Description of the task ▸ Whenever a picture appears, leave it out while repeating all the other data exactly.

(Exercise data Opens)

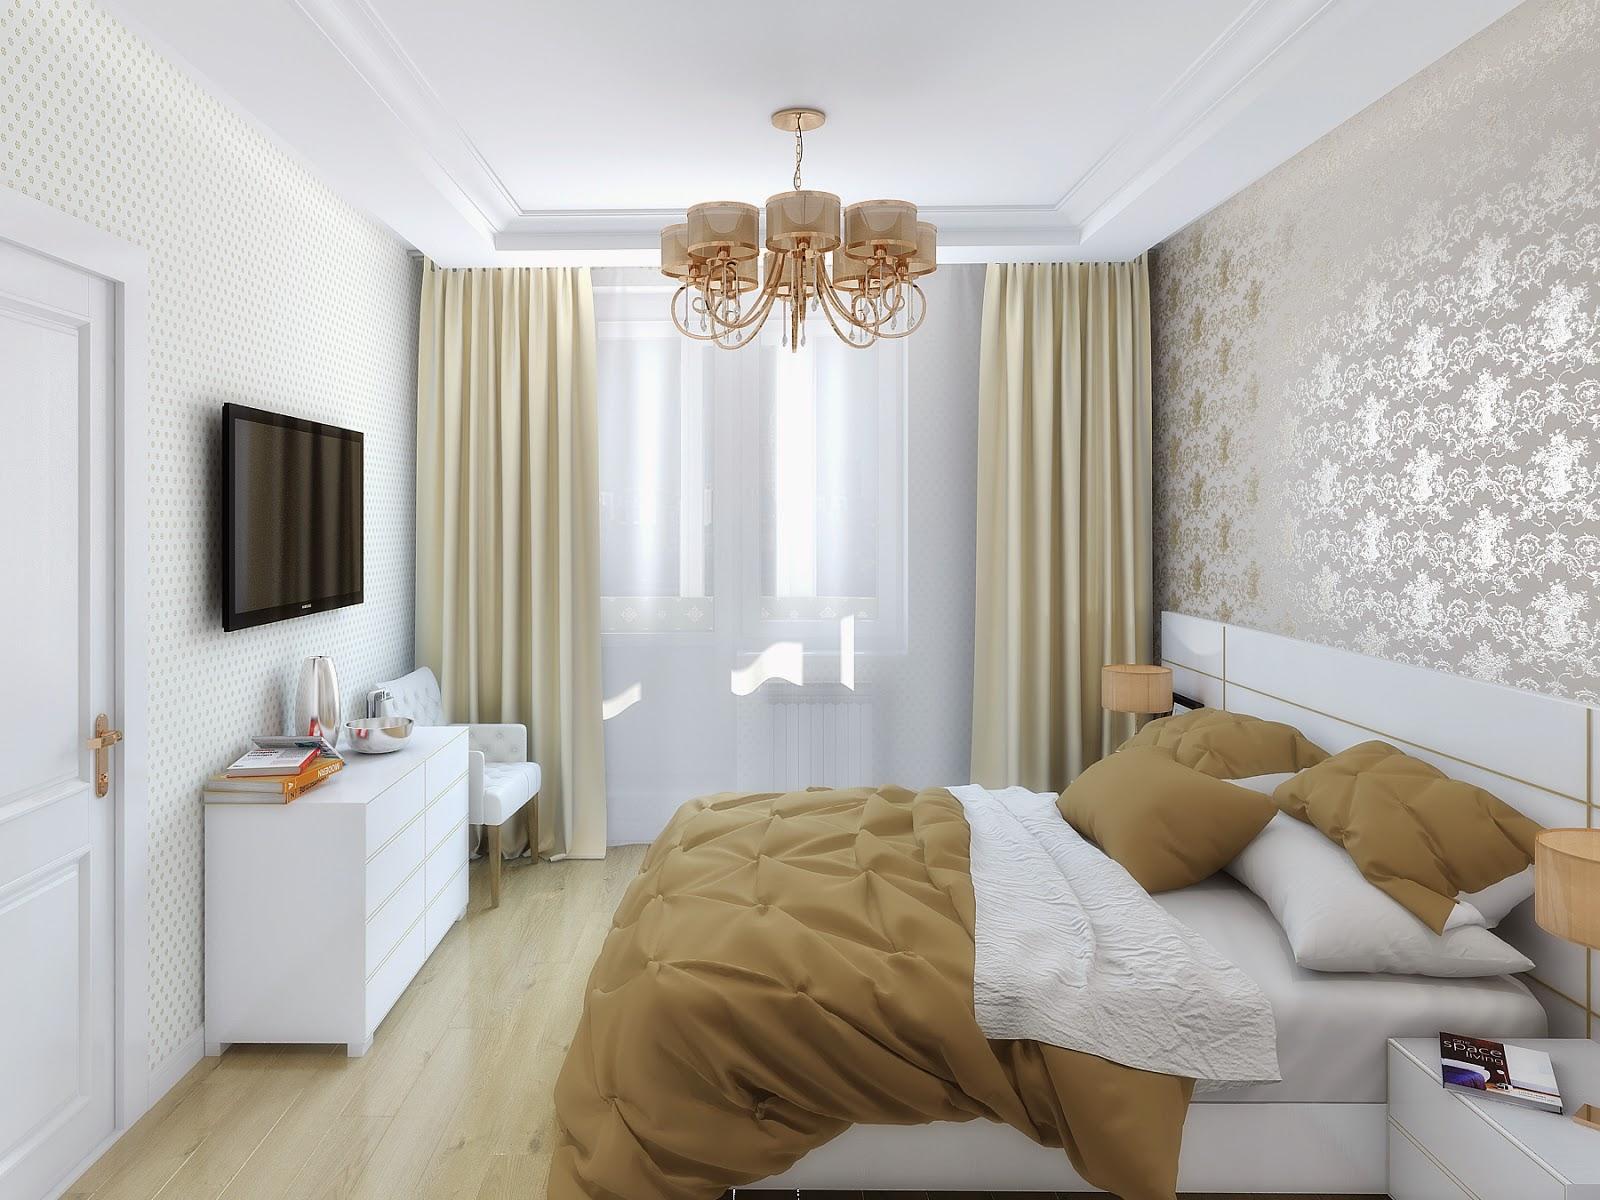 Дизайн интерьера комнат - дизайн интерьера в екатеринбурге, .
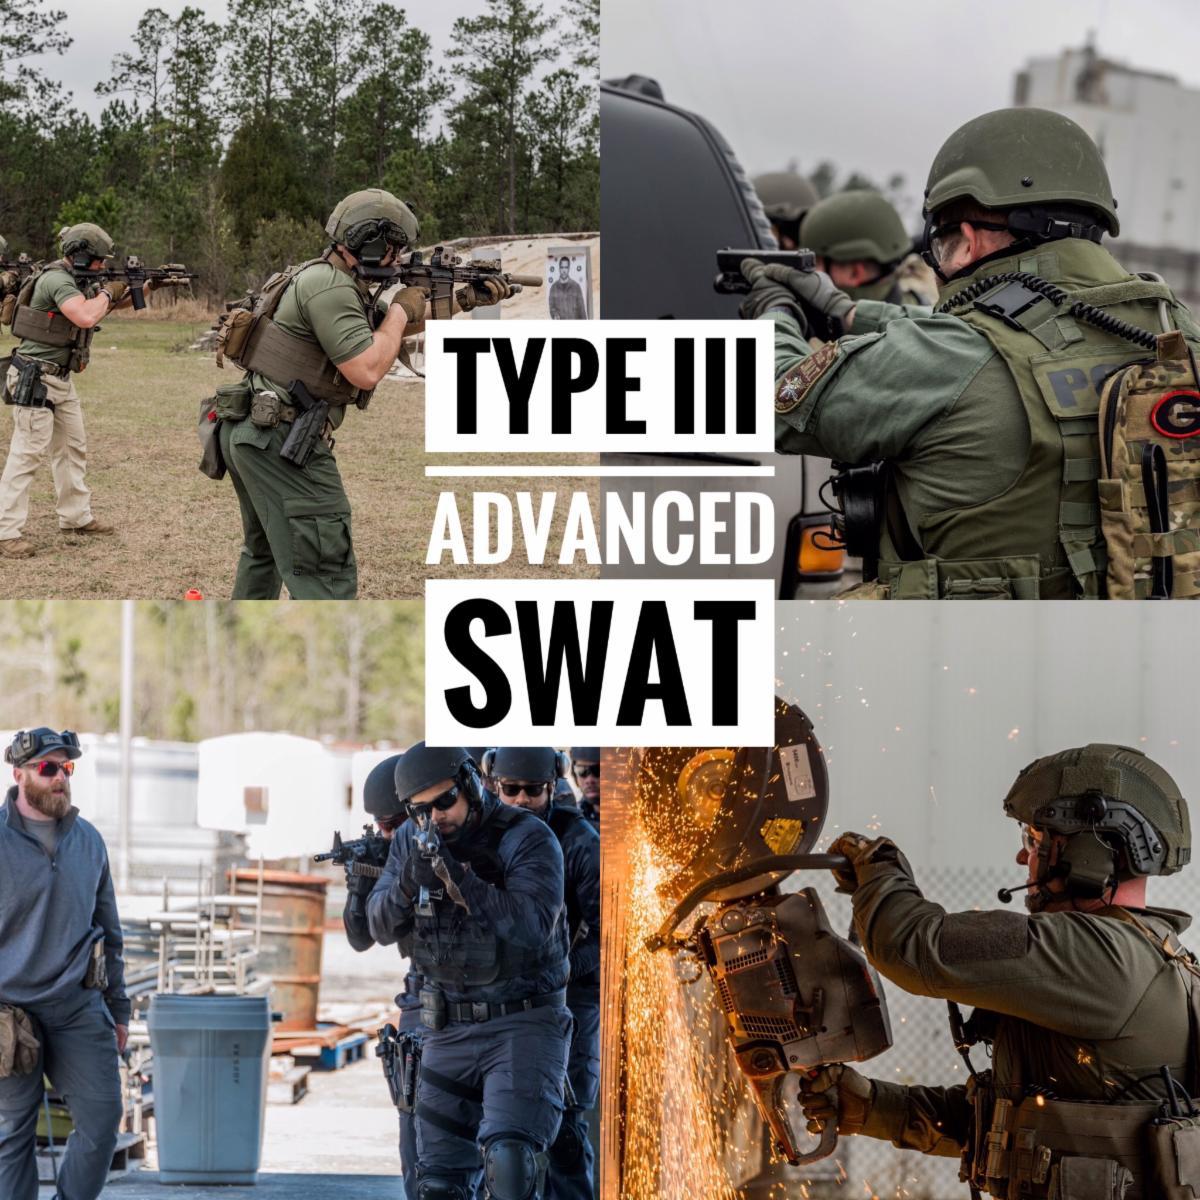 Type III Advanced SWAT
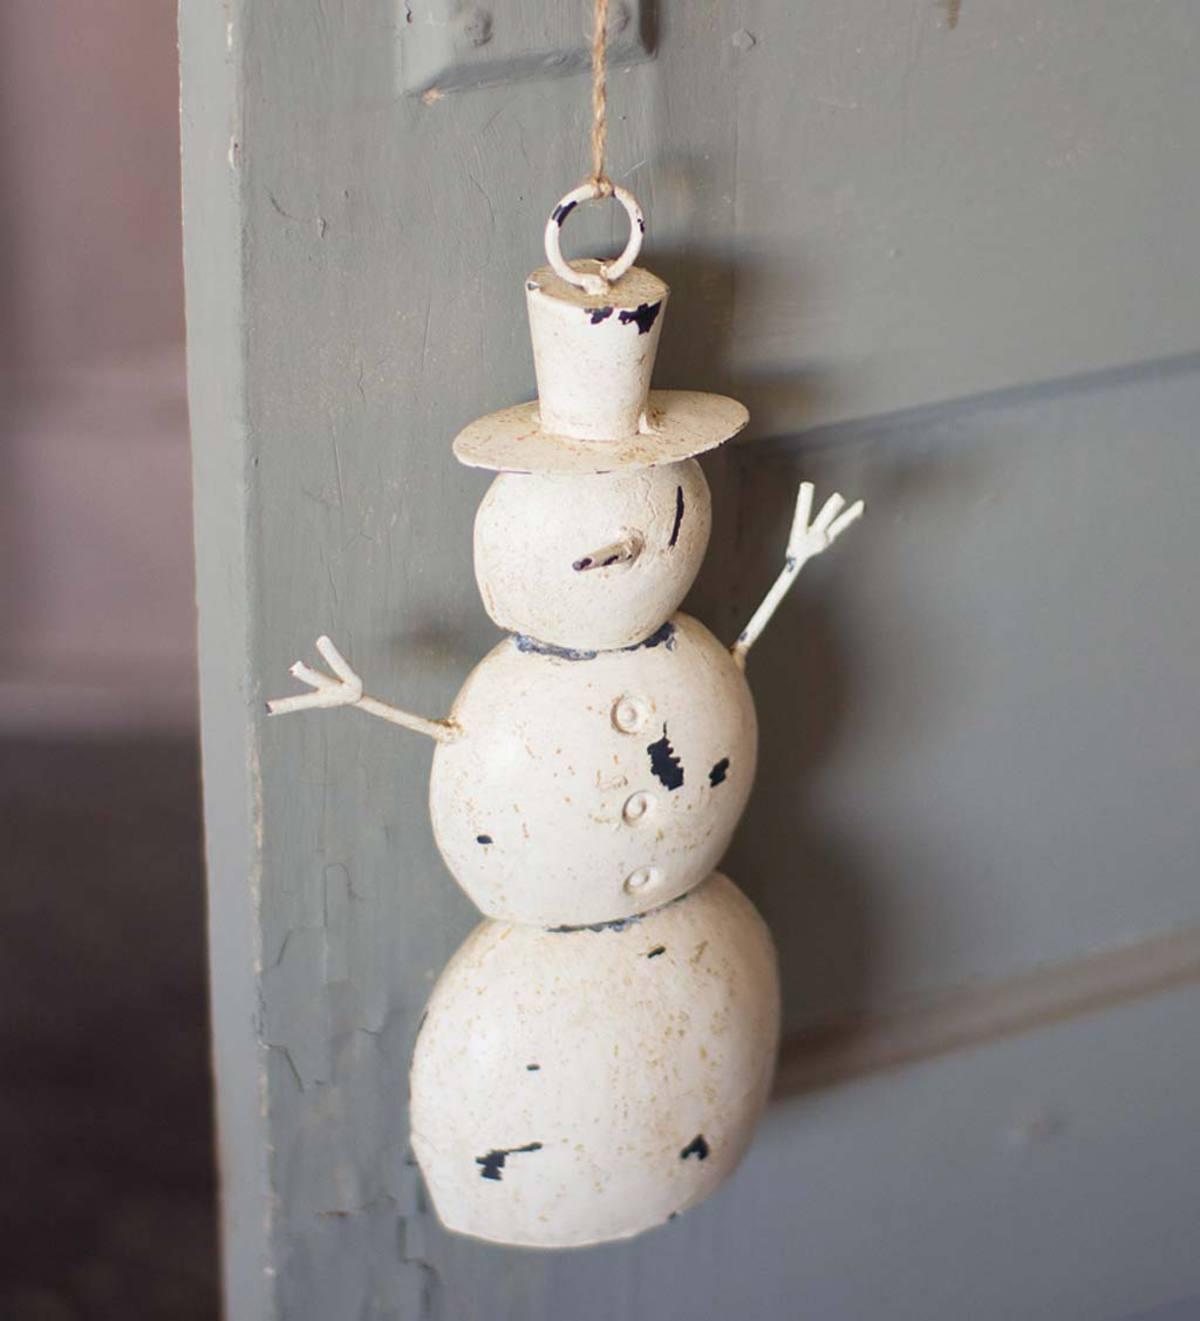 Iron Snowman Door Hanger for $10.97! (Use code ALBRADS79)
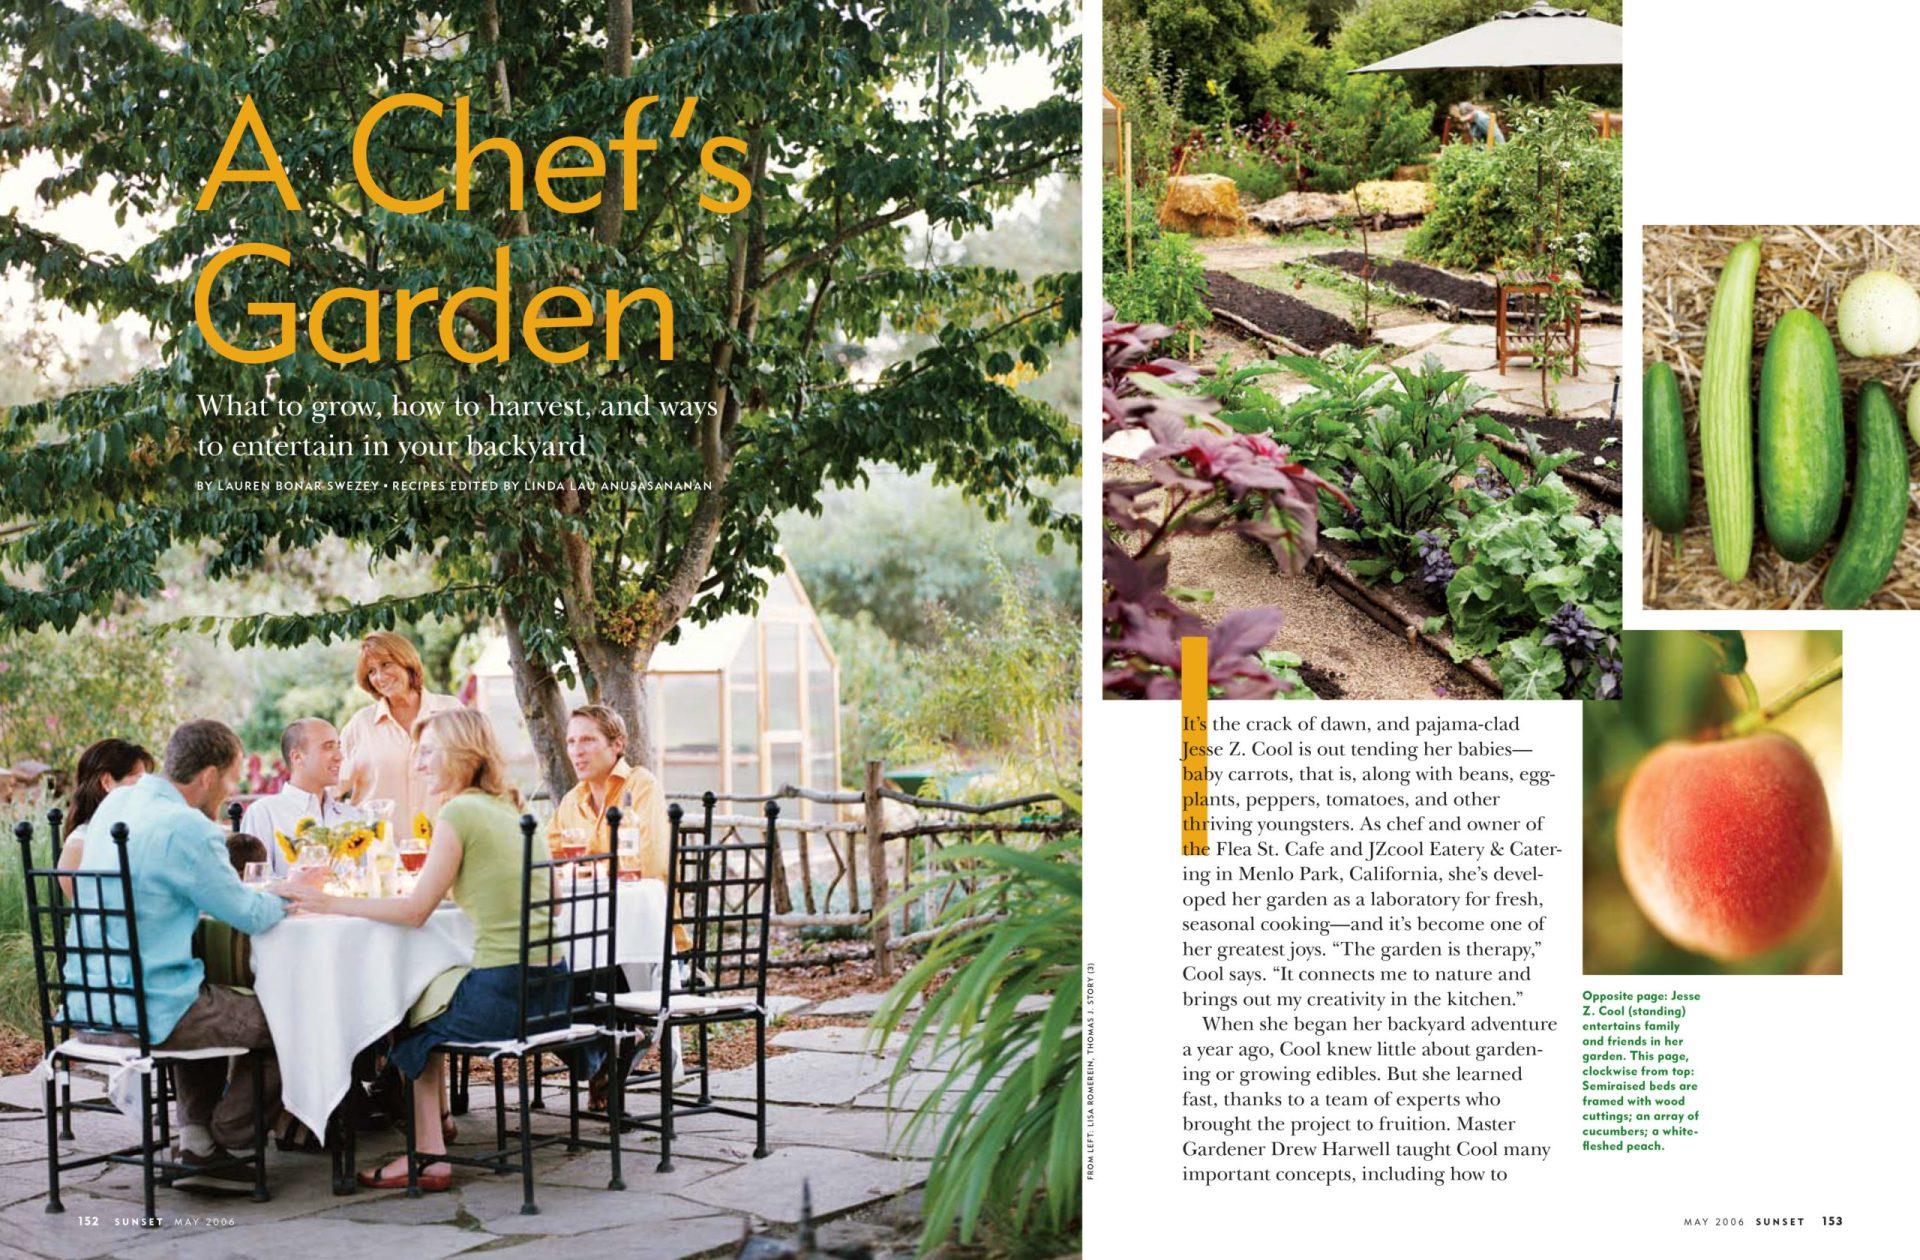 A Chef's Garden spread

(Exercise data Closes)

Task response ▸
 Дизайн интерьера комнат - дизайн интерьера в екатеринбурге, .
 Type III Advanced SWAT
 Iron Snowman Door Hanger for $10.97! (Use code ALBRADS79)
 A Chef's Garden spread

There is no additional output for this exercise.